Friday 21 October 2022

Nivello

 Erimus, the second moon, was rising on their left and Fao, the third moon, was setting on their right.  Between the moons the evening sky was spotted with clouds and the occasional sparkle of a low-orbit satellite.  The sky, normally turquoise during daytime, was shading into purple with red at the edges and the last of the sun was hiding now behind the spires and towers of Lustrous, the capital city of Medthorn.

Jasper squeezed himself into the driver’s seat of the gravity-car, cursing as he twisted this way and that in the plasti-steel seat trying to pull the seatbelt free from beneath himself.  Honoré tsked under her breath and opened the rear door to sit in the back and paused.

“What the hell, Jas?” she said, staring at an animal carrier emblazoned with a logo in red and white that she didn’t recognise.  “This had better not be occupied.”  She put a hand on it to lift it out and something inside lunged against the grille blocking the door, jolting the carrier forward and bumping it against the front passenger seat.  Honoré suppressed a cry of shock and her eyes tightened with annoyance that she’d even let herself be startled.  “Jas?” she said again, trying to put meaning into her tone.

Jasper’s bulk squeaked as he turned in his seat to look over his shoulder.  “Oh that, that’s the wolverine.  Special delivery for Dr. Veille.”

“When you get round to it,” said Honoré.  “Did you feed it?  Is that why it’s trying to take my hand off?  And where am I suppose to sit?”

“Uhhh,” said Jas as he turned back to the controls.  “Huh.  I might have forgotten to feed it today actually.  I’ll do it when we get back.”

“Deliver it already!  Why do you want a half-dead wolverine in the back of your car anyway?”

“I don’t,” said Jasper staring through the windscreen.  “But… well, it’s Dr. Veille.  It’s not like we get on.”

“You’re not to get on her good side by starving her bloody wolverine to death!  And where am I supposed to sit?  You’ve still not answered me!”

“Next to me?”

“Hah!”  Honoré hauled the animal carrier out and pushed it onto the passenger seat next to Jasper, which seemed to agitate the wolverine inside.  It started growling now, a low, throaty noise that made Jasper keep glancing over at it.  His face, naturally jowly and pale, took on a slightly sickly sheen to it and he started sweating.  Behind him Honoré got in the back, her feet crunching on paper and cardboard debris in the floorwell, and sighed heavily.  She slammed her door shut.

“Let’s get going,” she said.  “Ryegate first, then Dr. Veille.  I was rather hoping to get some reading done this evening but that looks like another dream gone up in smoke.”

“What are you reading now?”  Jasper unlocked the controls with his fingerprints and checked the power levels as the dashboard display lit up.  He adjusted the steering column slightly and then gently engaged the antigravity drive.  It whined loudly and the car shuddered momentarily, then there was a stomach-clenching sensation of weightlessness as the whole car became wrapped in a zero-g bubble.  It lifted slowly up into the sky and Jasper focused on the radar display, checking for other sky traffic.  Honoré was saying something about the book she was supposed to be copy-editing but interpreting the two-dimensional representation of three-dimensional sky traffic took up most of Jasper’s concentration.
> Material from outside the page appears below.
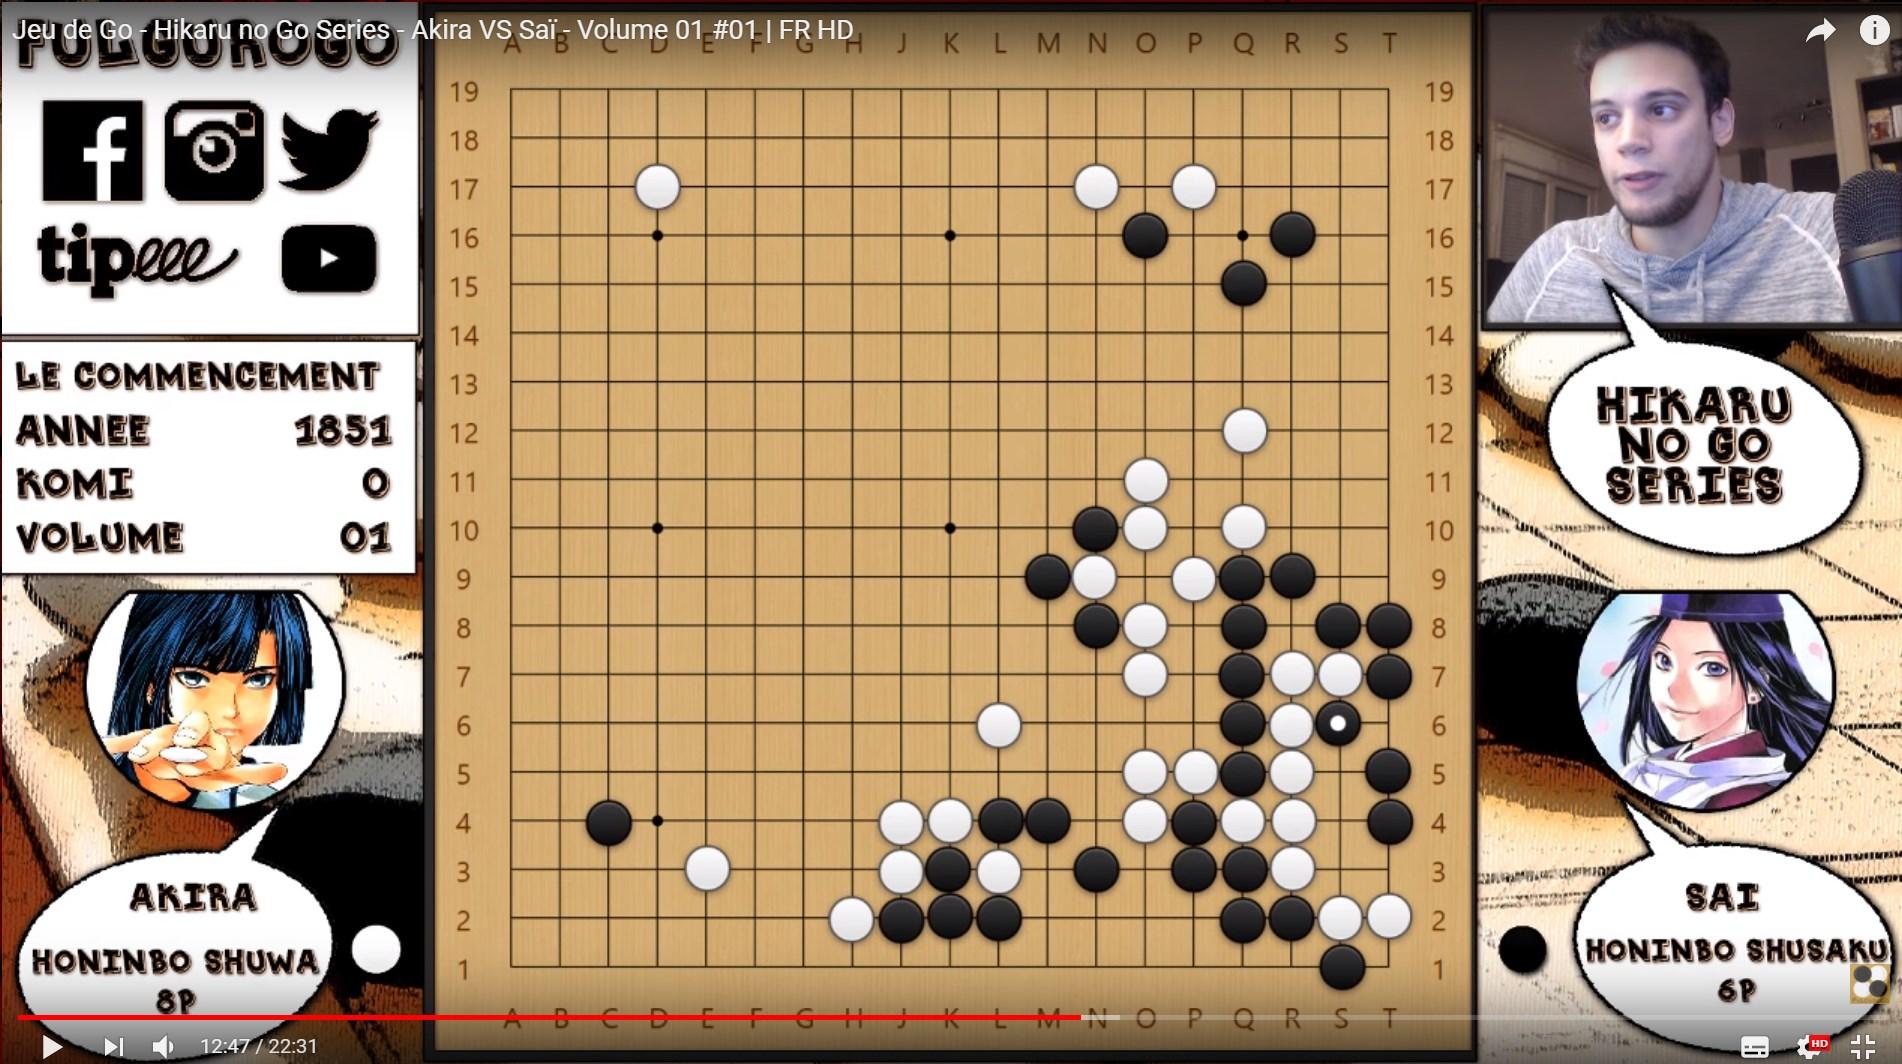 Hikaru no Go Series

“Are you even listening to me?”

“I will be when we’re in a sky-lane,” said Jasper, whose brain replayed the last thing Honoré had said when the silence of her not talking got too loud.  The whine of the anti-gravity drive had faded at last and he made a mental note, for at least the fifth time, that he should get the drive serviced.  “Sorry, this is a bit tricky.”  The car shuddered as he engaged the impulse drive to correct their trajectory.

“I thought they did it all themselves?”

“Self-driving gravity-cars got banned last year, Hon,” said Jasper.  “Too many accidents.  Lustrous doesn’t like its residents being scattered over its terraces from a great height.”

“How?  They’re AI driven, right?”

Jasper sighed and tweaked the controls until the radar flashed, indicating that they were in a sky-lane.  He gently eased back on the anti-gravity and increased the impulse speed and the car started moving smoothly through the air.  With that done he relaxed a little.

“AI’s just another name for Expert System,” he said.  “If it was just reacting to what’s around the car it’d be fine.  But all the attempts to make it clever, to have it do what you say when most people can’t even say what they’re thinking… it’s not working.  They’re taking the AI out of everything now.”

“I didn’t understand any of that,” said Honoré.  “How long until we get there?”